The 50th anniversary of man landing on the moon is this month on July 20. Back in 1969, Apollo 11 astronauts relied on technology from a company based in Arizona to make it happen.
Raytheon Missile Systems, based in Tucson, Ariz., provides missile systems to our government and creates technology to help fight against terror and cyber attacks.
For the Apollo 11 mission, Raytheon was tasked with navigating the astronauts to the moon and back.
“[It’s] pretty hard to hit a moving target in space, but that’s what our navigation computers enabled those astronauts to do,” John Patterson, Public Relations Director, Raytheon Missile Systems.
Raytheon also provided the technology that gave the world the iconic Neil Armstrong quote, “One small step for man, one giant leap for mankind.”
“We all saw and heard that because of that because of that one component we built because of that communication system.,” said Patterson.
Today, the technology Raytheon uses is not unfamiliar.

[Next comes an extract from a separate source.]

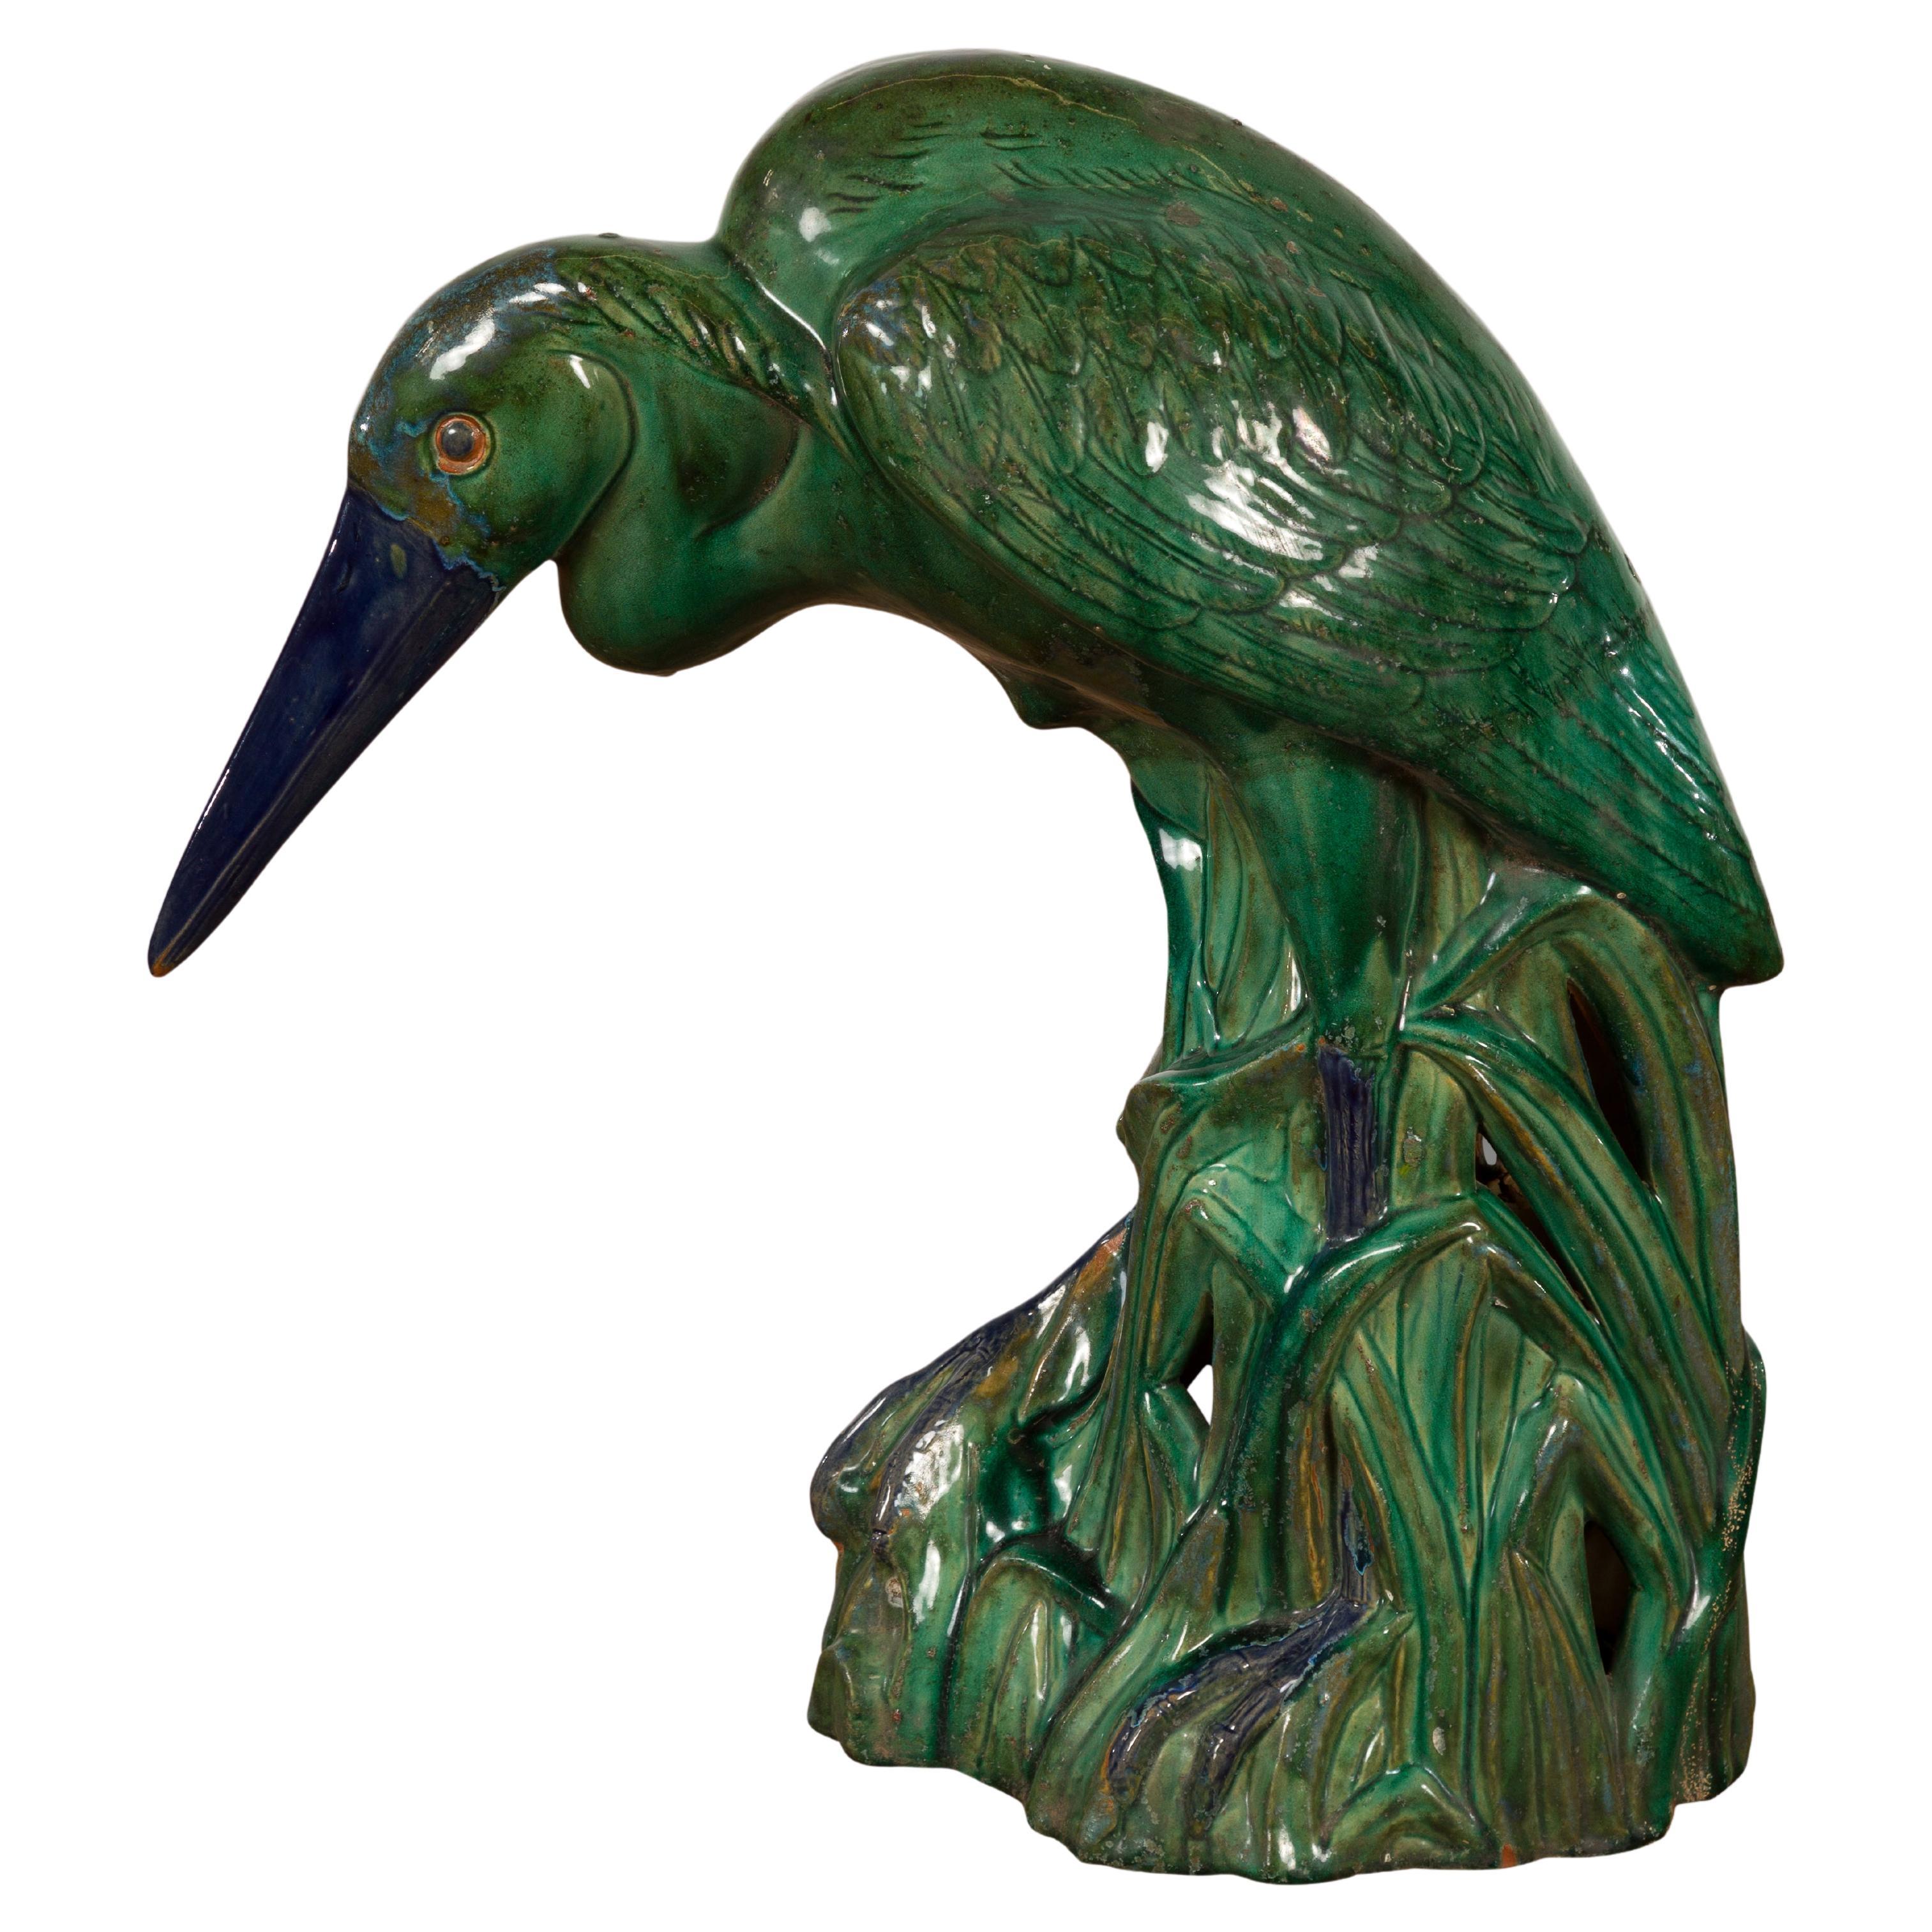 Lifesize Chinese Vintage Green and Blue Glazed Ceramic Heron Bird Sculpture For Sale

“This is really Tony Stark meets defense weapons,” said Kendall Loomis, Center Manager, Immersive Design Center.
Using virtual reality that blows your roller coaster game out of the water Raytheon creates and designs missile systems down to the part before ever picking up a tool.
“The visual allows us to collaborate and communicate in ways that we just haven’t historically when we’re stuck in a 2D world.,” said Loomis.
Raytheon already uses Star Wars-eske technology in their warehouses and is always looking for the next great advancement in tech.
“We are leveraging equipment, technology, ideas that come from consumer electronics, from Hollywood, from gaming, and bring them in and apply them to this world of missiles,” said Loomis.
Back then when the sky was the limit it was a video message. Next, for this Arizona-based company, the limit is only the imagination.